QSignature 1.0: A Dynamical Regime Classification Framework for Causal Time Series Data


Muhammad A., Danbatta S. J., Isah M. A., Muhammad I. Y., Ahmad S. S., Ghozlan A.

14th International Symposium on Digital Forensics and Security, ISDFS 2026, Massachusetts, Amerika Birleşik Devletleri, 19 - 20 Mart 2026, (Tam Metin Bildiri)
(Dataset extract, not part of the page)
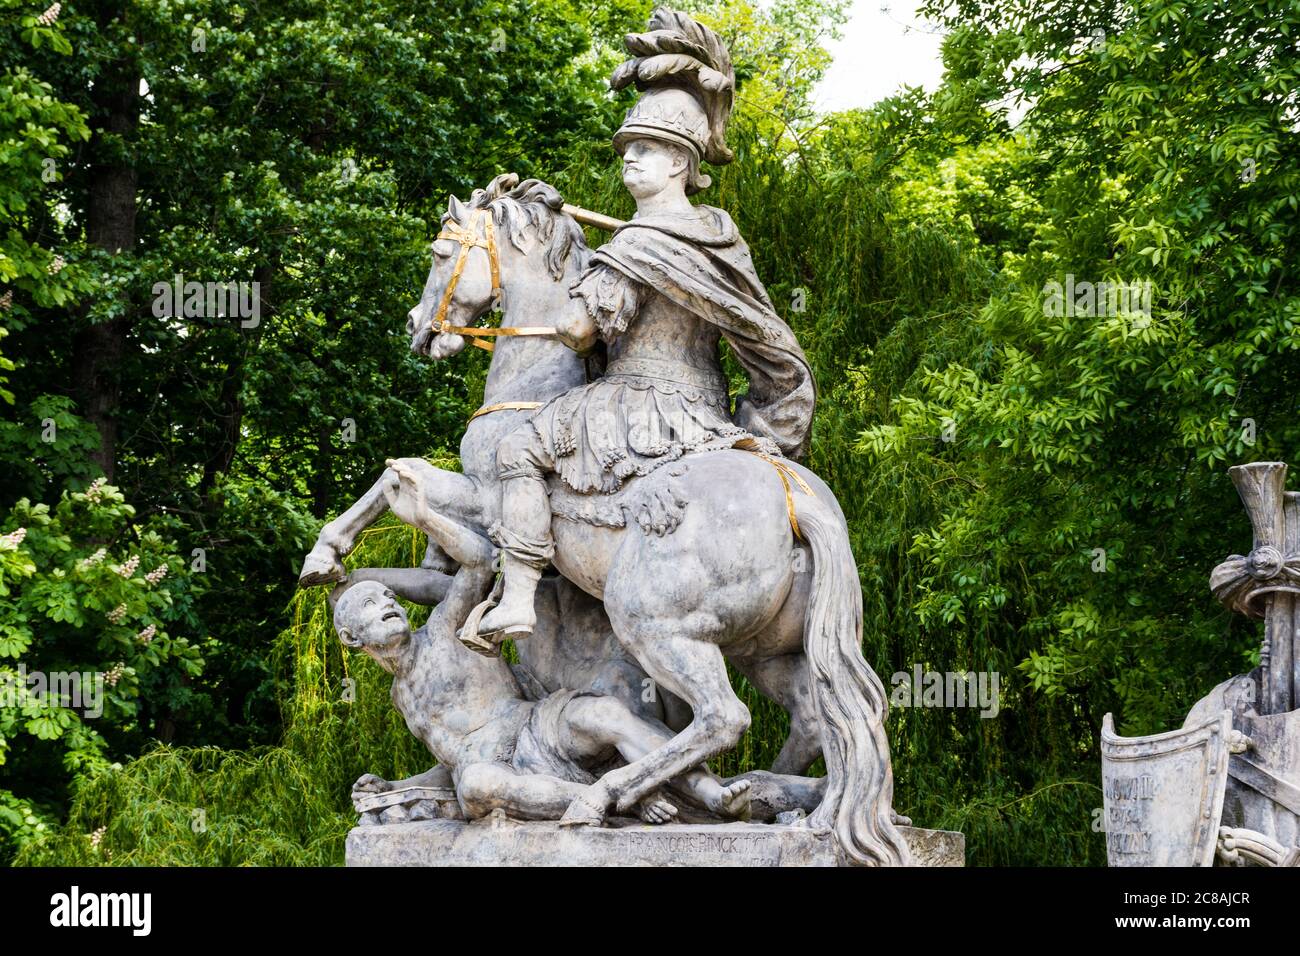 Monument of King John III Sobieski in Warsaw, Poland Stock Photo

  • Yayın Türü: Bildiri / Tam Metin Bildiri
  • Doi Numarası: 10.1109/isdfs69419.2026.11459049
  • Basıldığı Şehir: Massachusetts
  • Basıldığı Ülke: Amerika Birleşik Devletleri
  • Anahtar Kelimeler: causal response, dynamical systems, ECU-MALNETT, forensic analysis, linear time-invariant systems, open-source code, persistence timescales, regime classification, Δsu
  • İstanbul Ticaret Üniversitesi Adresli: Evet

Özet

The causal response of a system to external perturbation encodes its governing dynamical signature. When only the output response R(t) is observable without knowledge of the input or a parametric model, inferring the system class remains a fundamental challenge. This work introduces two persistence timescale estimators, τs and τu, which yield two scalar diagnostics, Δsu= (τs-τu) / τu and Rsu=τs/ τu. These diagnostics provide a fingerprint of linear time-invariant dynamical systems. Evaluation on 49 canonical systems yields five distinct regions in the (Δsu, Rsu) plane (QSpace): exponential monotonic, fractional, underdamped, weakly damped, and conservative oscillatory. The framework admits direct physical interpretation: Δsu varies monotonically with the damping ratio ζ, and negative Rsu signals centroid reversal in weakly damped systems. Crucially, we applied the framework to real-world forensic data, analyzing 20 malware execution traces from the ECU-MALNETT corpus, which contains 20,500 samples across 58 families, focusing on APT28, APT29, and Lazarus families, Packet-rate analysis reveals distinct behavioral fingerprints: APT29 exhibits weakly damped beaconing (Δsu ≈-1.14, Rsu ≈-0.14), APT28 shows extreme oscillatory activity (Δsu<-2.0), and Lazarus spans multiple regimes, all distinguishable purely from timing signatures without deep packet inspection. The QSignature library implementing these estimators is available on GitHub.